Polynomials

[BobbyJones]

This question says the 7th degree polynomial x^7 - 3x^6 - 7x^4 + 21x^3 - 8x +24 has a factor of (x-3)


a) Divide x^7 - 3x^6 - 7x^4 + 21x^3 - 8x +24 bu x-3, and put in form (x-3)(ax^6+bx^3+c)

---I've done this part

b) By putting z = x^3, find all the factors, real or complex of the 6th degree polynomial and thus express x^7 - 3x^6 - 7x^4 + 21x^3 - 8x +24 as the product of seven linear factors.

----I've managed to find the real factors but cant find the Imaginary. Can someone show me how to work out the imaginary factors please.

Thankyou.

 

[soroban]

Hello, BobbyJones!

\(\displaystyle \text{The polynomial }f(x) \:=\:x^7 - 3x^6 - 7x^4 + 21x^3 - 8x +24\) .\(\displaystyle \text{ has a factor of }(x-3).\)

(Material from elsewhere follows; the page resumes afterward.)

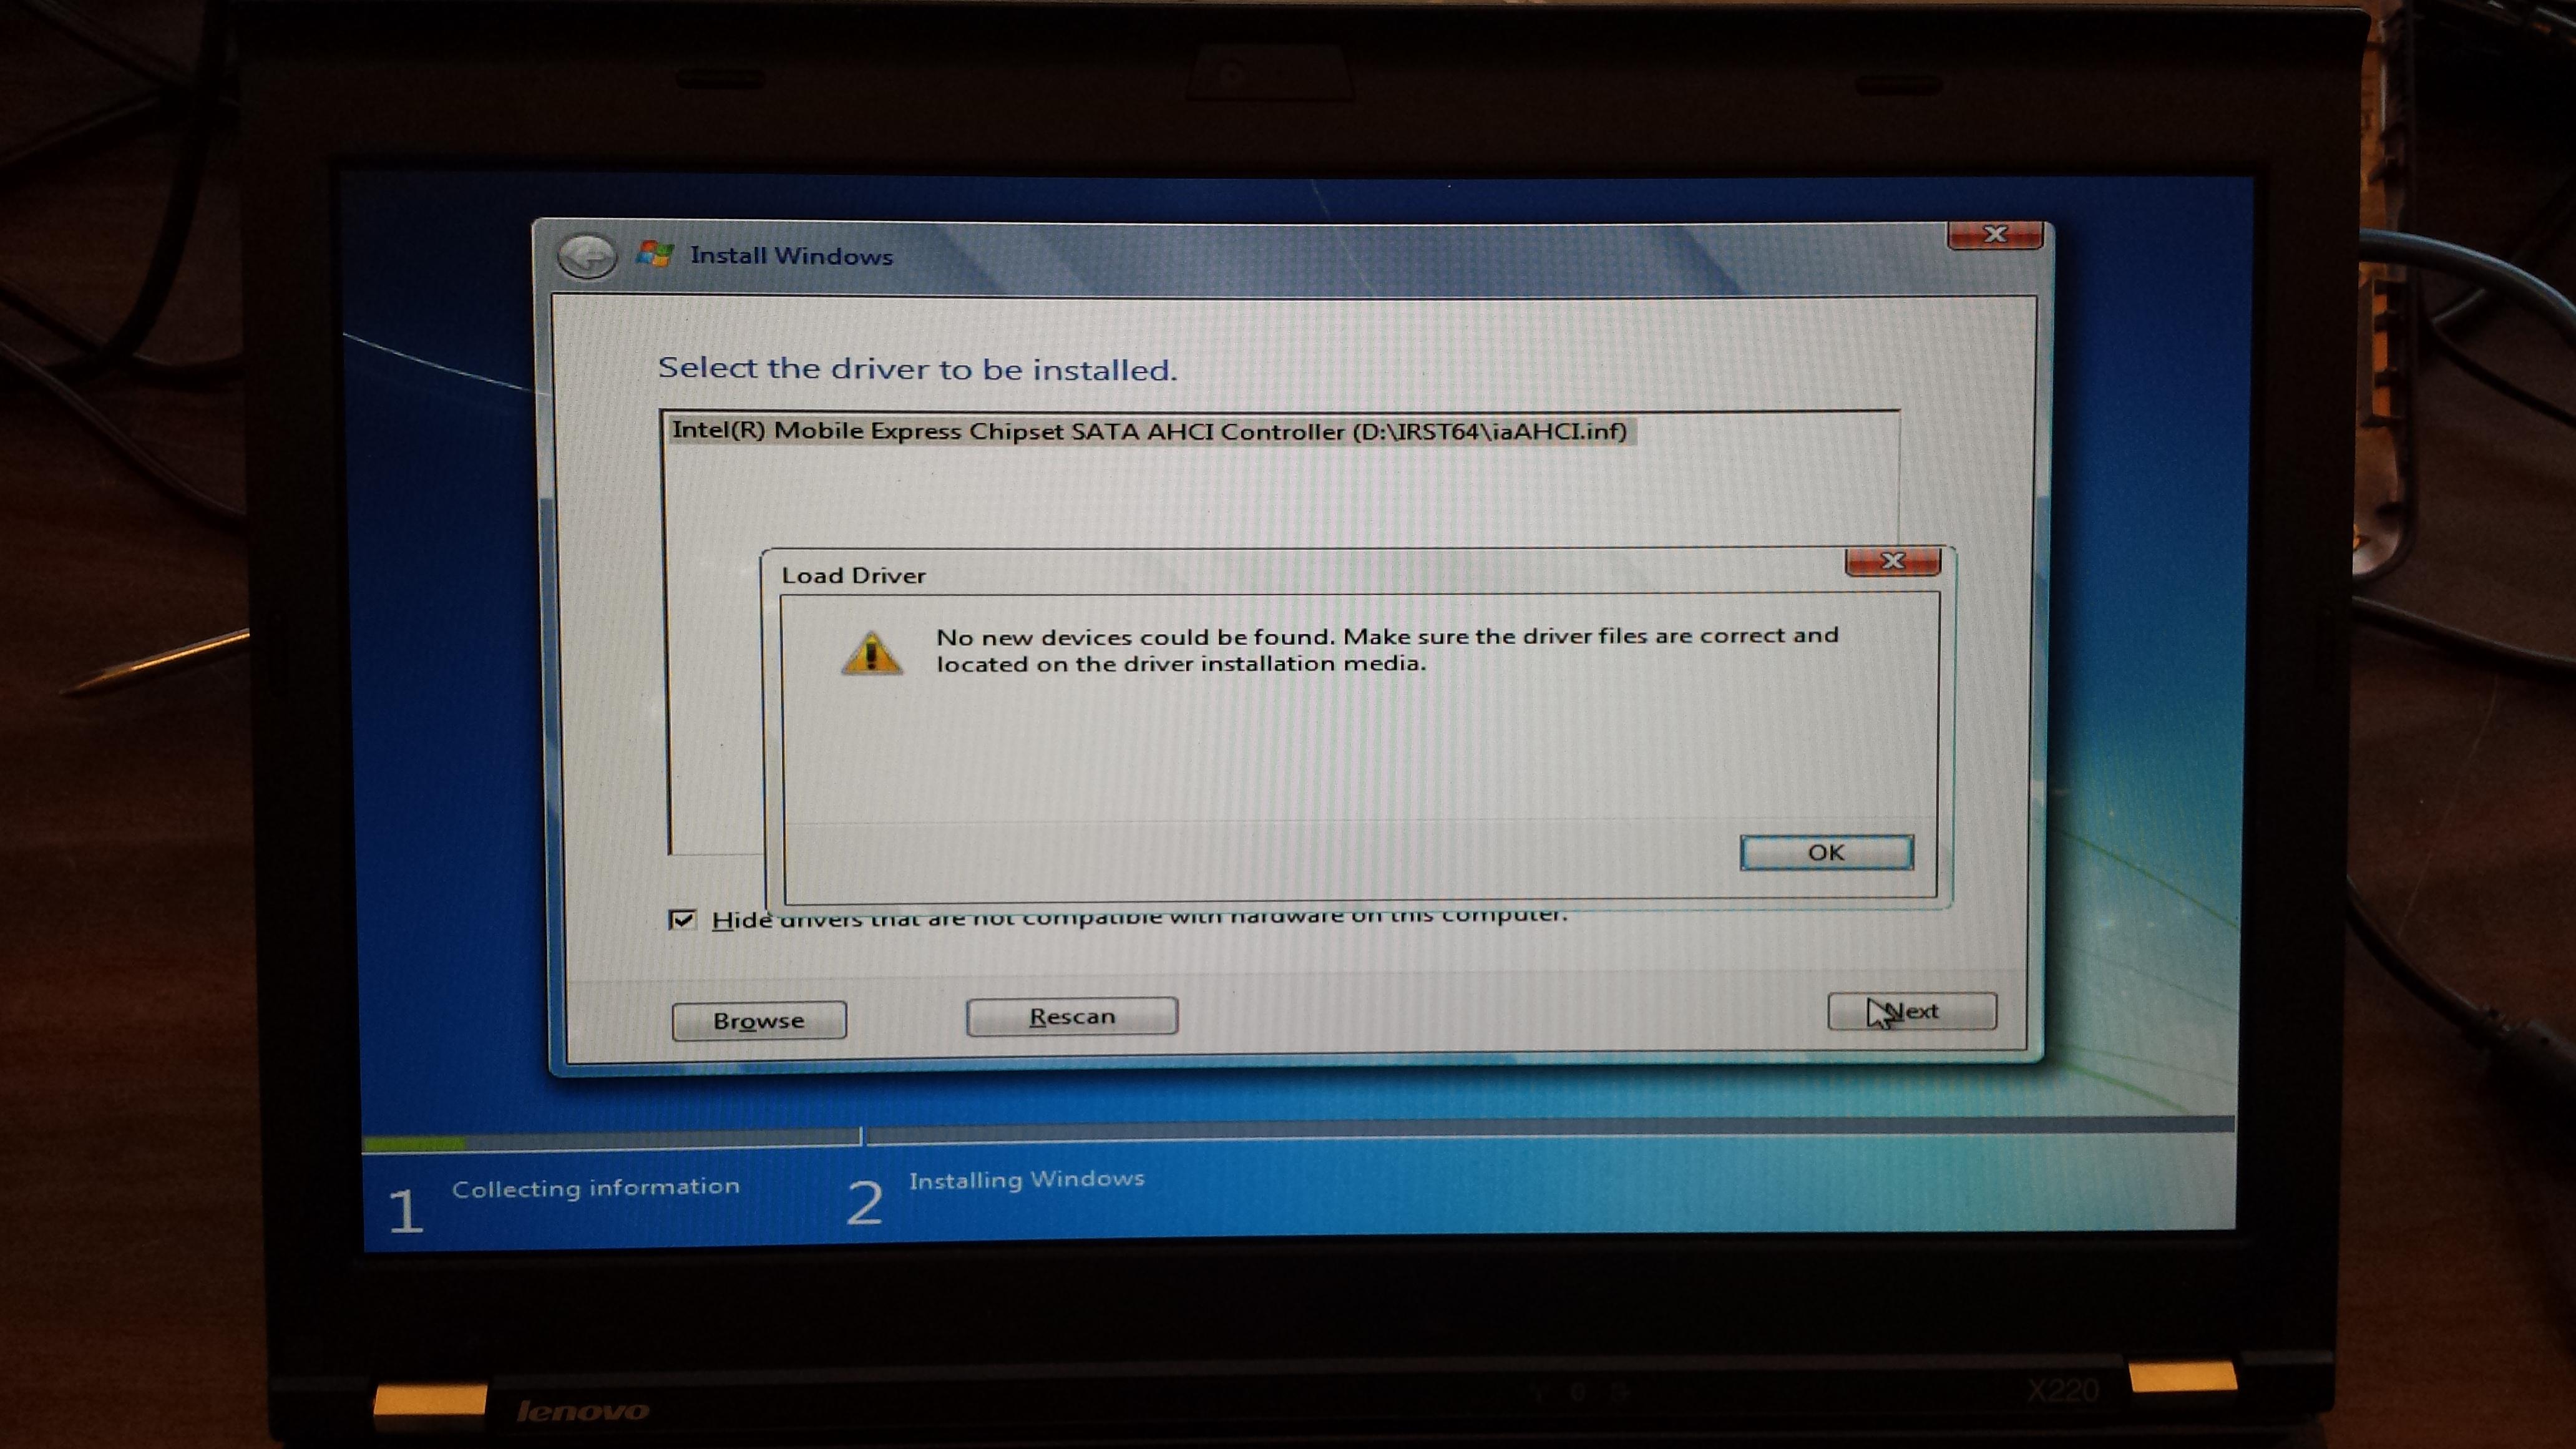 Installing Windows 7 on Lenovo X220 Laptop
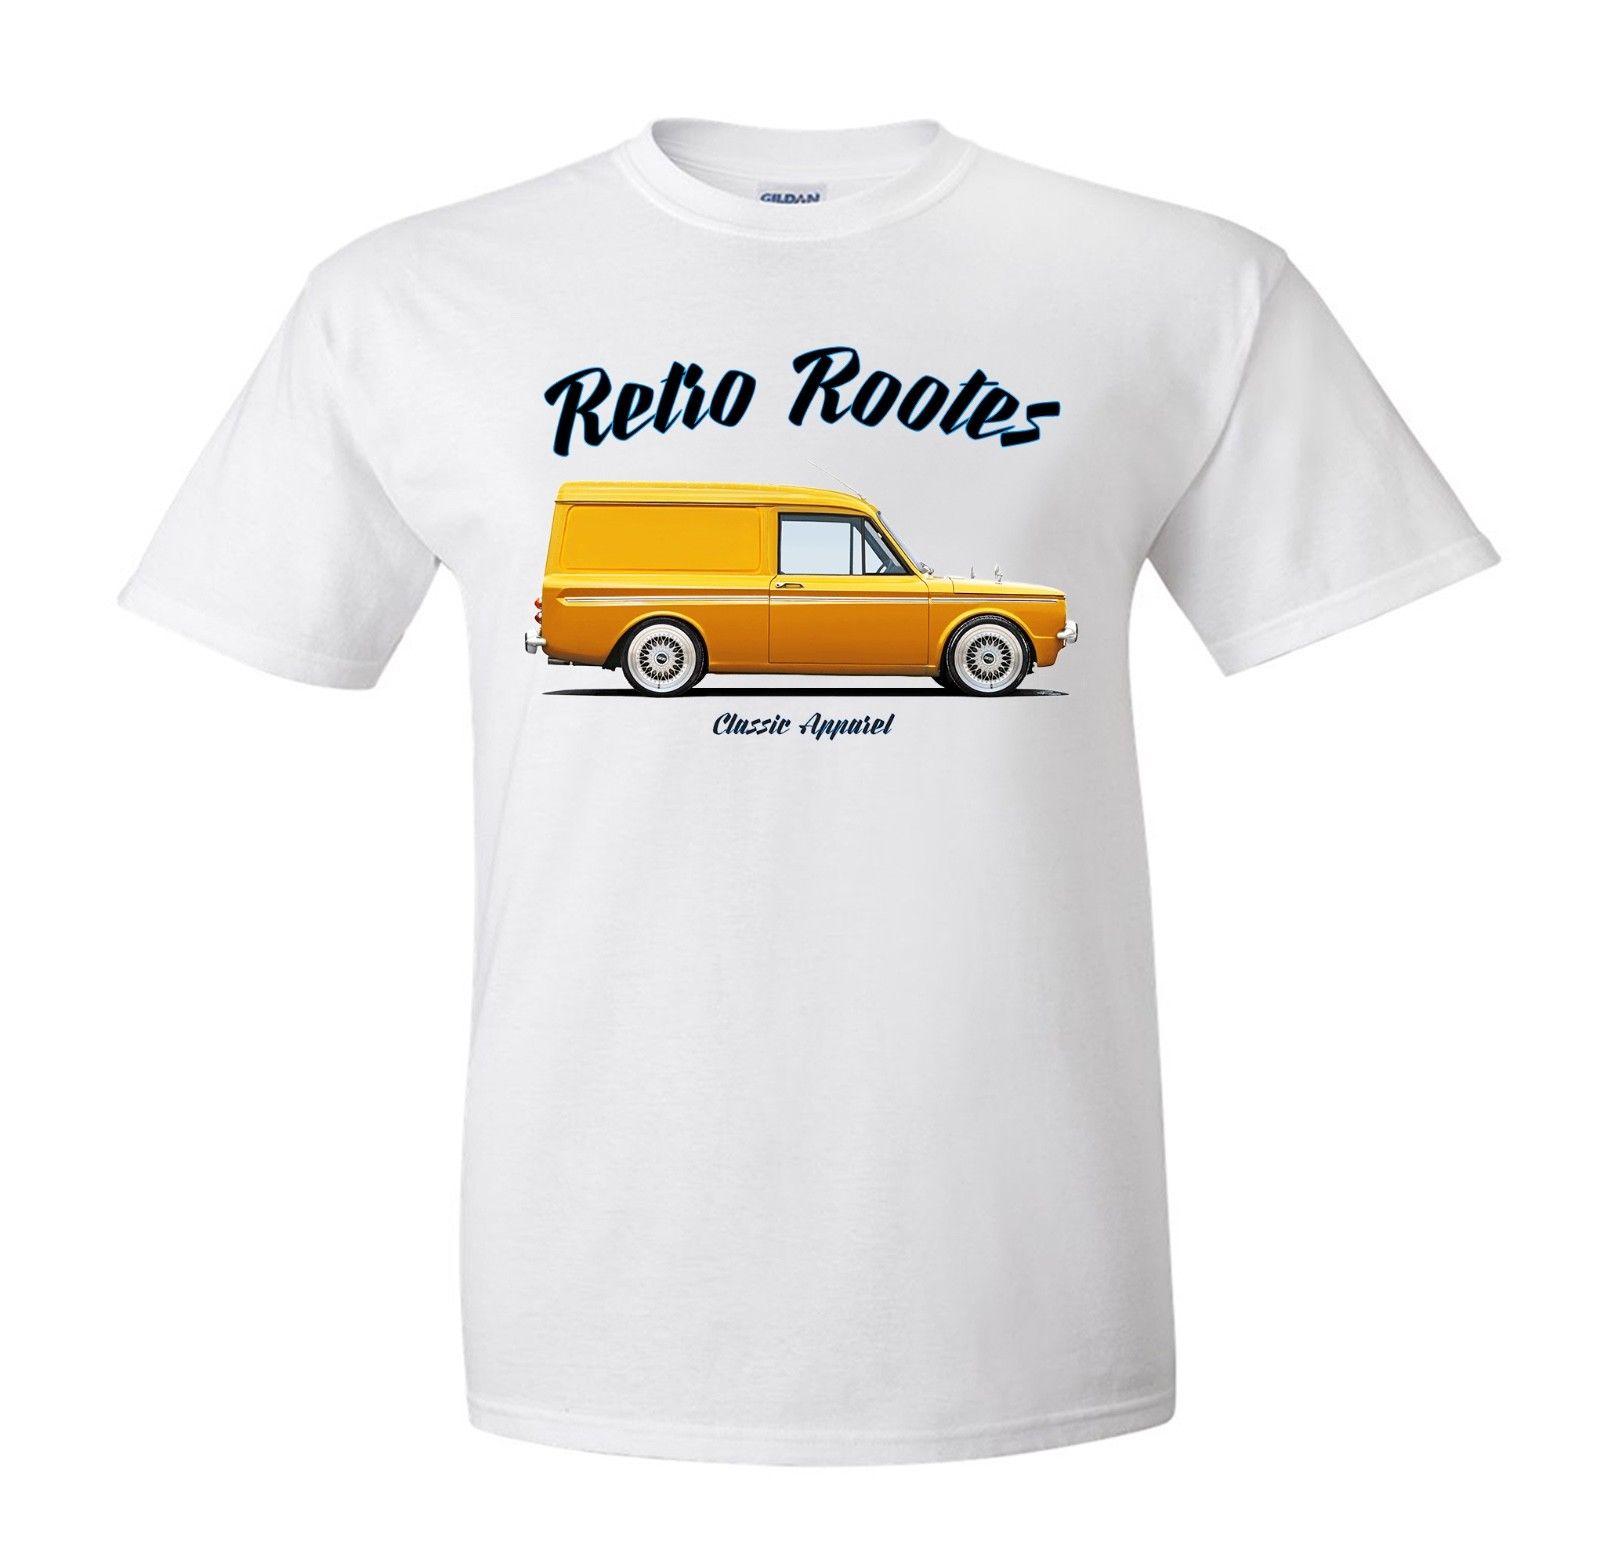 Nueva marca de moda camiseta de Hip Hop Hillman Imp Husky Van camiseta. Grupo de Fans de coches clásicos franceses Retro. ¿Modificado? Homme traje

\(\displaystyle \text{a) Divide }f(x)\text{ by }x-3\text{, and put in the form: }(x-3)(ax^6+bx^3+c)\)

--- I've done this part


b) By putting z = x^3, . This is unnecessary.
. . find all the factors, real or complex of the 6th degree polynomial
. . and thus express \(\displaystyle f(x)\) as the product of seven linear factors.

--- I've managed to find the real factors but cant find the Imaginary.
. . Can someone show me how to work out the imaginary factors please?
. . Thankyou.

\(\displaystyle f(x)\) factors: .\(\displaystyle (x-3)(x^6 - 7x^3 - 8) \:=\:0\)

Hence, one of the factors is: \(\displaystyle (x - 3)\)


We have: .\(\displaystyle x^6 - 7x^3 - 8 \:=\:0\)

Factor: .\(\displaystyle (x^3 + 1)(x^3-8) \:=\:0\)

And we have two cubic equations to solve . . .


\(\displaystyle x^3 + 1 \:=\:0 \quad\Rightarrow\quad (x+1)(x^2 - x + 1) \:=\:0\)

. . Hence: .\(\displaystyle (x + 1)\) is a factor.

.\(\displaystyle x^2-x+1\:=\:0 \quad\Rightarrow\quad x \:=\:\dfrac{1 \pm i\sqrt{3}}{2} \)
. . Hence: ..\(\displaystyle \left(x - \frac{1 + i\sqrt{3}}{2}\right)\,\text{ and }\,\left(x - \frac{1-i\sqrt{3}}{2}\right)\,\text{ are factors.}\)


\(\displaystyle x^3 - 8 \:=\:0 \quad\Rightarrow\quad (x - 2)(x^2 +2x + 4) \:=\:0\)

. . Hence: .\(\displaystyle (x-2)\) is a factor.

\(\displaystyle x^2 + 2x + 4 \:=\:0 \quad\Rightarrow\quad x \:=\:\dfrac{\text{-}2 \pm\sqrt{-12}}{2} \:=\:\dfrac{\text{-}2\pm2i\sqrt{3}}{2} \:=\:\text{-}1 \pm i\sqrt{3}\)

. . Hence: .\(\displaystyle \left(x - \left[\text{-}1 + i\sqrt{3}\right]\right)\,\text{ and }\,\left(x - \left[\text{-}1 - i\sqrt{3}\right]\right)\,\text{ are factors.} \)


Therefore: .\(\displaystyle f(x) \;=\;(x-3)(x+1)(x-2)\left(x - \frac{1\pm i\sqrt{3}}{2}\right)\big(x - [\text{-}1 \pm i\sqrt{3}]\big)\)


By the way, this is not a Differential Equation problem.